Figure 5. BLAST atlas comparing homologous genes. (Outer ring) 34H positive strand genes are shown in black. (Second ring) 34H negative strand genes are shown in orange (Third ring) Genes in ND2E with greater than 50% nucleotide identity to a gene in 34H are shown as blue lines. Darker blue lines are genes with higher identity to the gene in 34H and lighter blue lines have are less identical to the gene in 34H. (Fourth ring) ND2E Contigs are depicted as blue blocks. (Fifth ring) Genes in GAB14E with greater than 50% nucleotide identity to a gene in 34H are shown as red lines. Darker red lines are genes with higher identity to the gene in 34H and lighter red lines have are less identical to the gene in 34H. (Sixth ring) GAB14E Contigs are depicted as blue blocks. (Seventh ring) Putative genomic islands as predicted by island viewer. Genomic islands shown in red have been previously described (Collins and Deming, 2013). The genomic islands shown in blue corresponds to one of the two previously described filamentous phage (Methé et al., 2005). One of the previously described filamentous phage that was not predicted to be a genomic island is shown in green.

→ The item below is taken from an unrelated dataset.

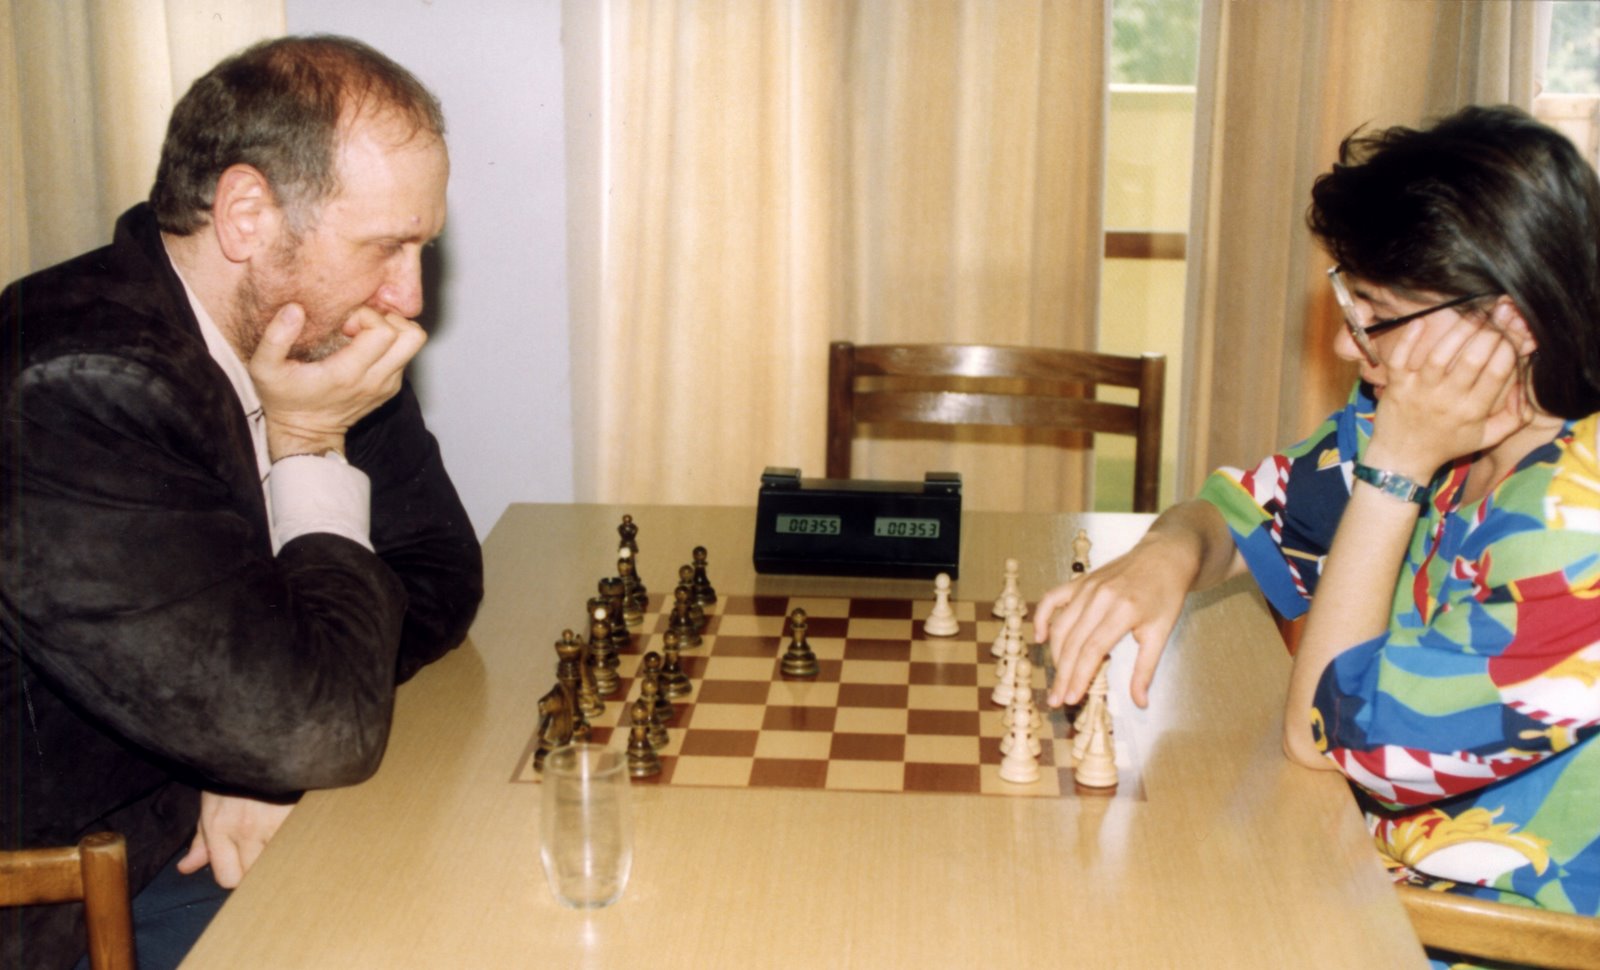 Boris Spassky & Bobby Fischer by Harry Benson
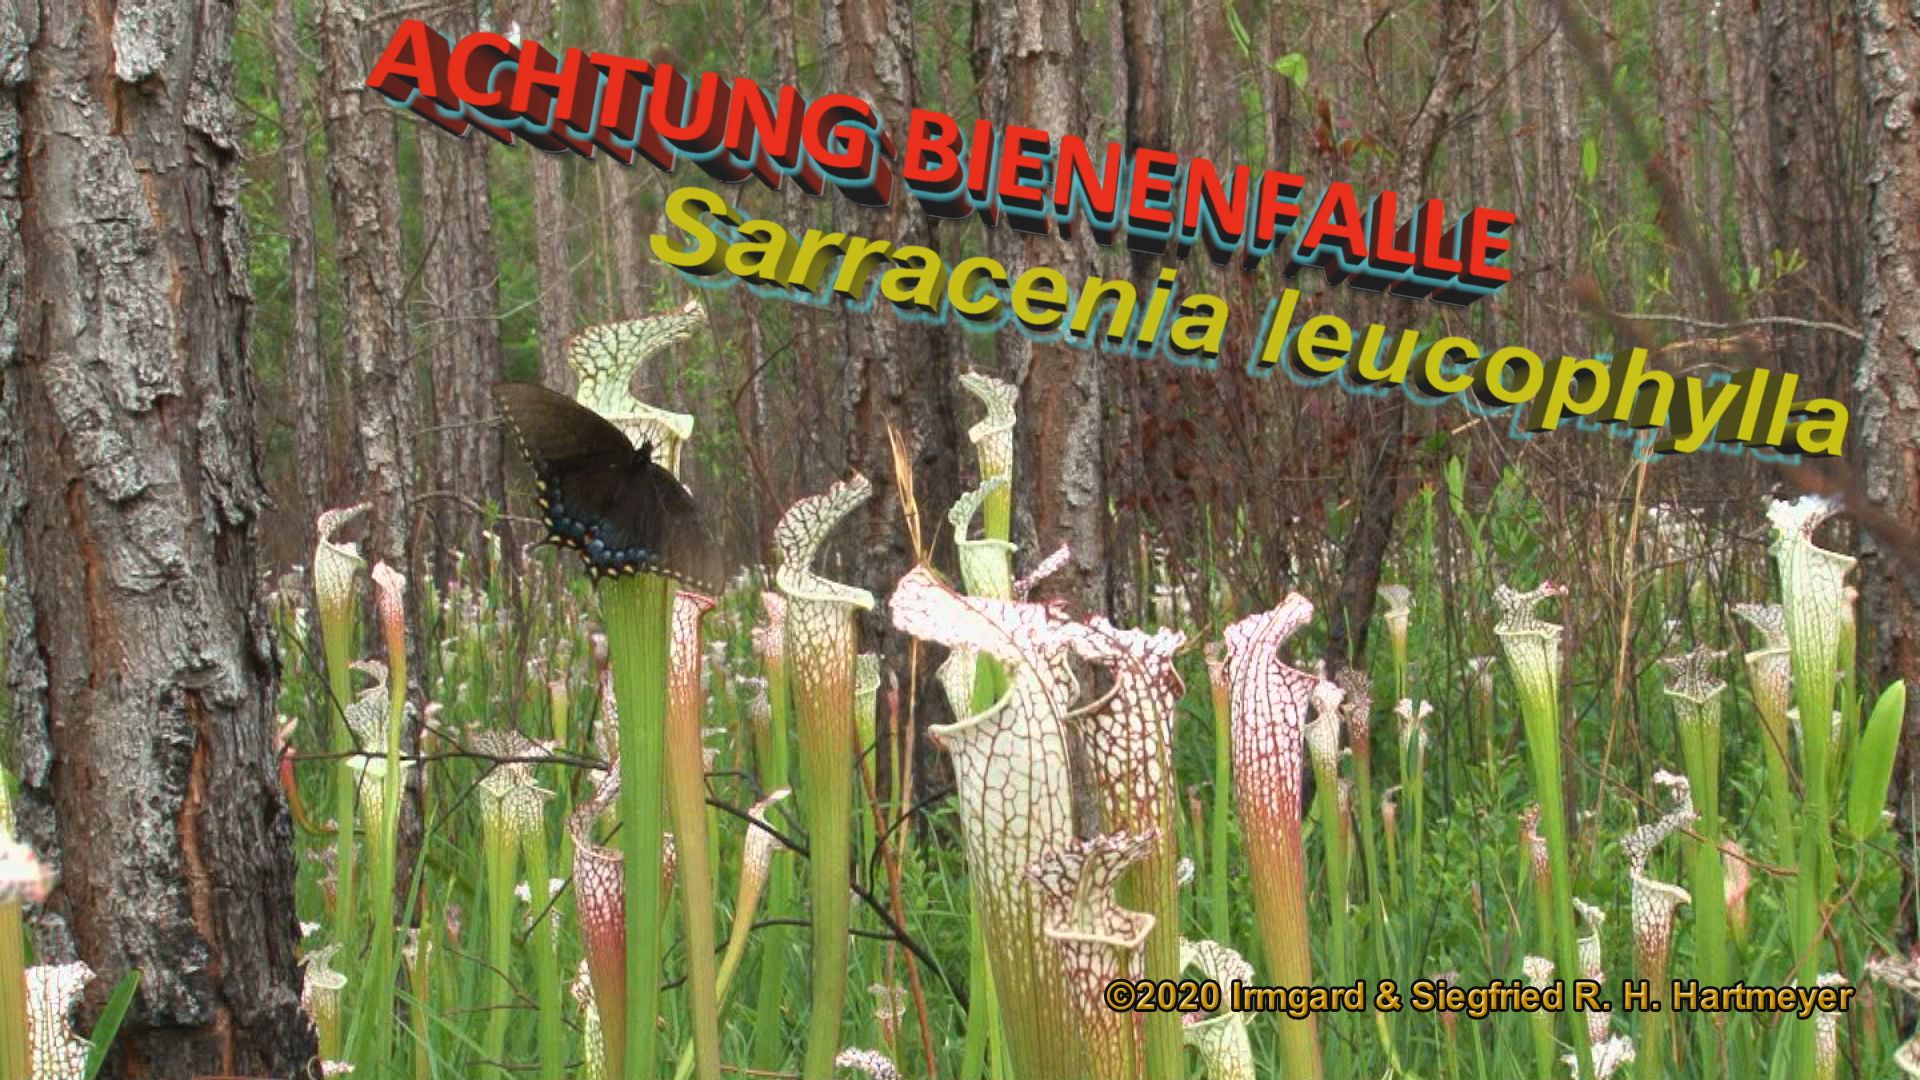 Sarracenia-Bienenfalle_Thumb

To determine if these gaps in homology are due to horizontal gene transfers (HGT), we used Island Viewer to identify putative genomic islands in strain 34H. Genomic islands are regions of the genome whose sequence composition is divergent from the overall genome averages. These genomic islands may be the result of horizontal transfer of genes from unrelated organisms. Island Viewer predicted nine genomic islands in the 34H genome. Many of these genomic islands include a number of transposases as well as some phage-related genes. These genomic islands vary in size from 4 to 50 kb. A couple of the regions with few homologous genes correspond to some of the predicted genomic islands, suggesting that these gaps in homology correspond to regions putatively obtained via horizontal gene transfer after 34H diverged from ND2E and GAB14E. These findings indicate that horizontal gene transfer has contributed to the genomic diversity of these strains. While it has been suggested that horizontal transfer can be the result of neutral evolution (Gogarten and Townsend, 2005), recent studies have concluded that neutral evolution is not sufficient to explain the frequency of HGT events in many genomes (Soucy et al., 2015).
Conclusion
These genomes show large differences in genomic and phenotypic diversity. This can be traced back to large segments of the genome that appear to be acquired by horizontal gene transfer. While there is some evidence that genes have been acquired and confer increased functionality and in turn potential selective advantage, the majority of differences do not appear to be related to adaptation to different environmental lifestyles. This suggests that a mixture of natural selection and neutral evolution have contributed to the divergence of these organisms and the great genetic and phenotypic diversity present within this species. This study examined one isolate of a Colwellia sp. recovered from three different locations. Further work involving analysis of many Colwellia isolates recovered from the same location is required to better understand Colwellia populations in the world's oceans in order to better quantify the core genome. This would further identify how distinct populations have adapted for growth under differeing environmental conditions.
Author Contributions
ST performed the experiments, analyzed data and wrote the manuscript. KF, SS, and DJ performed the phenotypic analysis and genome sequencing. AH, NA were involved in isolations. SU, SB were involved in analysis of genome sequences. TH was involved in analysis of data and manuscript preparation and was the PI on the overall project.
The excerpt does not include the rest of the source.